In Smith v. Farmers Mutual Ins. Asso., 111 Ga. 737 (36 S. E. 957), Mr. Justice Cobb, after discussing the Brown case, supra, said that “ The case of Ingram v. Little is expressly referred to in the opinion, and the doctrine therein announced virtually repudiated. In Weaver v. Carter, 101 Ga, 213, Mr. Chief Justice Simmons says, in effect, that the decision in Ingram v. Little was practically overruled in Brown v. Colquitt. . . It may be safely said, in view of the foregoing, that the doctrine announced in Ingram v. Little is not, at this time, to be regarded as the law of this State.” Thus it will be seen that the learned judges who have written about the Ingram ease have dealt it some terrific blows; but the fact remains that it has never been expressly overruled by this court, nor has the legislature of the State changed the law. And until this is done, it must be recognized as the law of Georgia. And the doctrine announced in the Ingram case has been followed in cases subsequently to the cases in which the Ingram case was criticised. See the Lynch and Neely cases in 138 Ga., and the Henderson case in 147 Ga., supra. The Drumright case proceeds upon the idea that the execution of a deed must be under seal; but, as shown above, that is not necessary in this State. And the rule laid down in that case has never been followed in this State.

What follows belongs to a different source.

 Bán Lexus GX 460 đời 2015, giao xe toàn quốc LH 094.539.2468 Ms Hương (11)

It was said by Mr. Justice Evans in Lynch v. Poole, supra, that if an instrument executed by an agent be under seal, the agent’s authority to make it must likewise be under seal, although it may evidence a contract not required to be under seal to give it validity; citing Pollard v. Gills, 55 Ga. 45. And that is this case. What-< ever the rule may be in other jurisdictions, this court has held, with the exception of the Drumright case, that where an agent executes an instrument, whether it is required to he under seal or not, his authority to execute under seal must also be under seal, And the Ingram case, being older than the Drumright case, will control.

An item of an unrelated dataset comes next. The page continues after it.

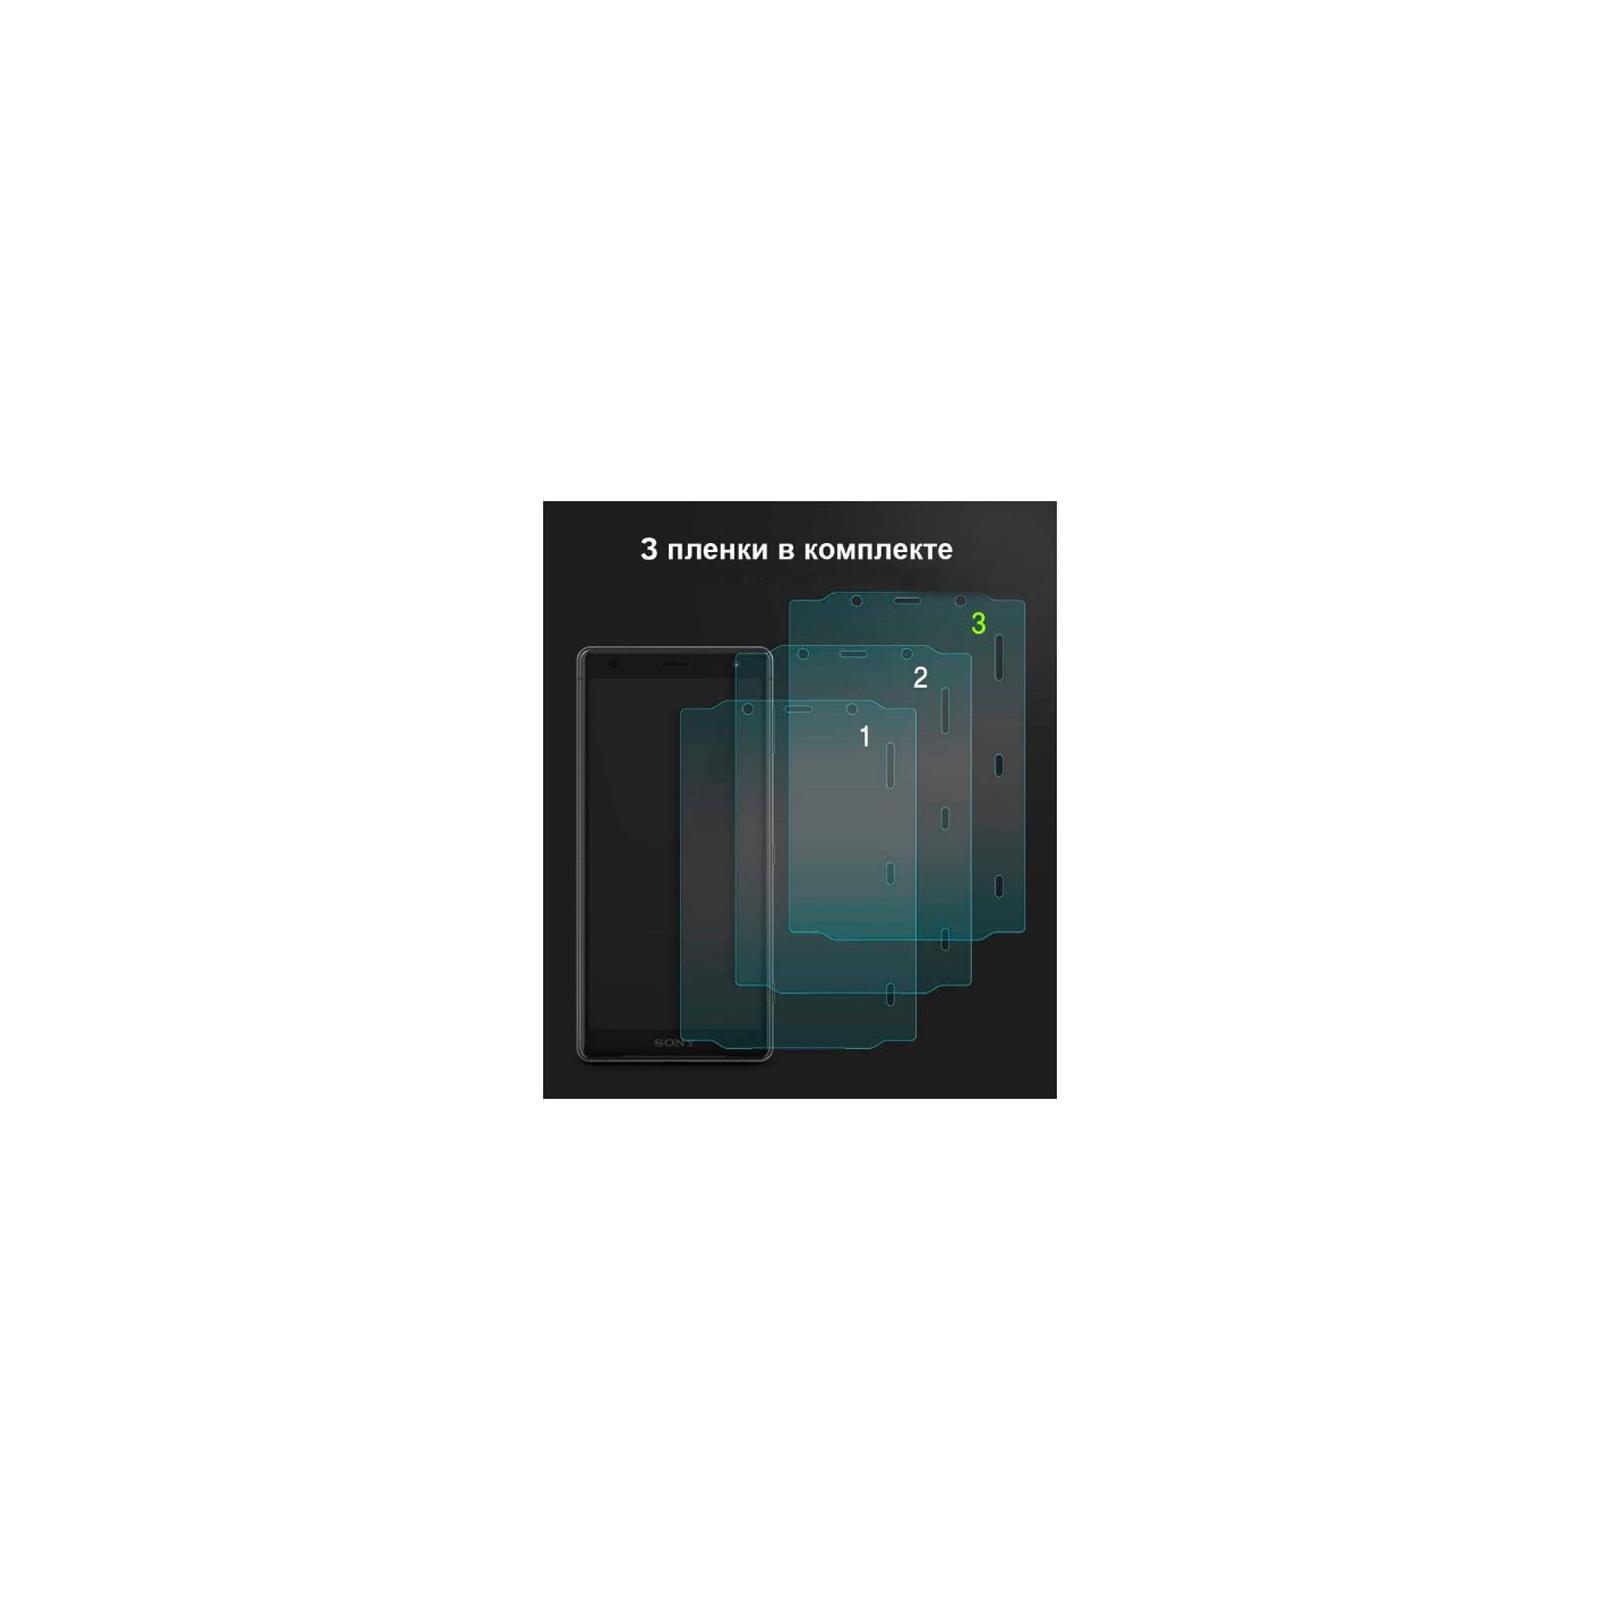 Пленка защитная Ringke для телефона Sony Xperia XZ2 Full Cover (RSP4455) изображение 3

We are asked to examine and overrule the cases holding to the contrary of the Drumright case. We have examined these cases, and decline to overrule them.
2. It is argued that even if the ruling in the Ingram case, and the other cases of like import, is not to be overruled, the defendant *408has ratified the act of the agent and she is still bound by the contract, inasmuch as rent notes were executed by the lessee, payable to the lessor, and were delivered to the agent for the lessor. There is nothing in the record to show that the defendant has ever ratified the execution of the rent notes by accepting them verbally, in writing, or otherwise; On the contrary, it is alleged that she declined to yield possession of the premises to the plaintiff under the contract; and there is no allegation that she did anything which could be held a ratification of the contract executed by the agent under seal, or that the defendant has estopped herself in any way. In fact her whole attitude, as gathered from the whole petition, is one of repudiation of tire entire contract.
The court did not err in sustaining the demurrer and in dismissing the case.
Judgment affirmed.
All the Justices concur, except Gilbert, J., disqualified.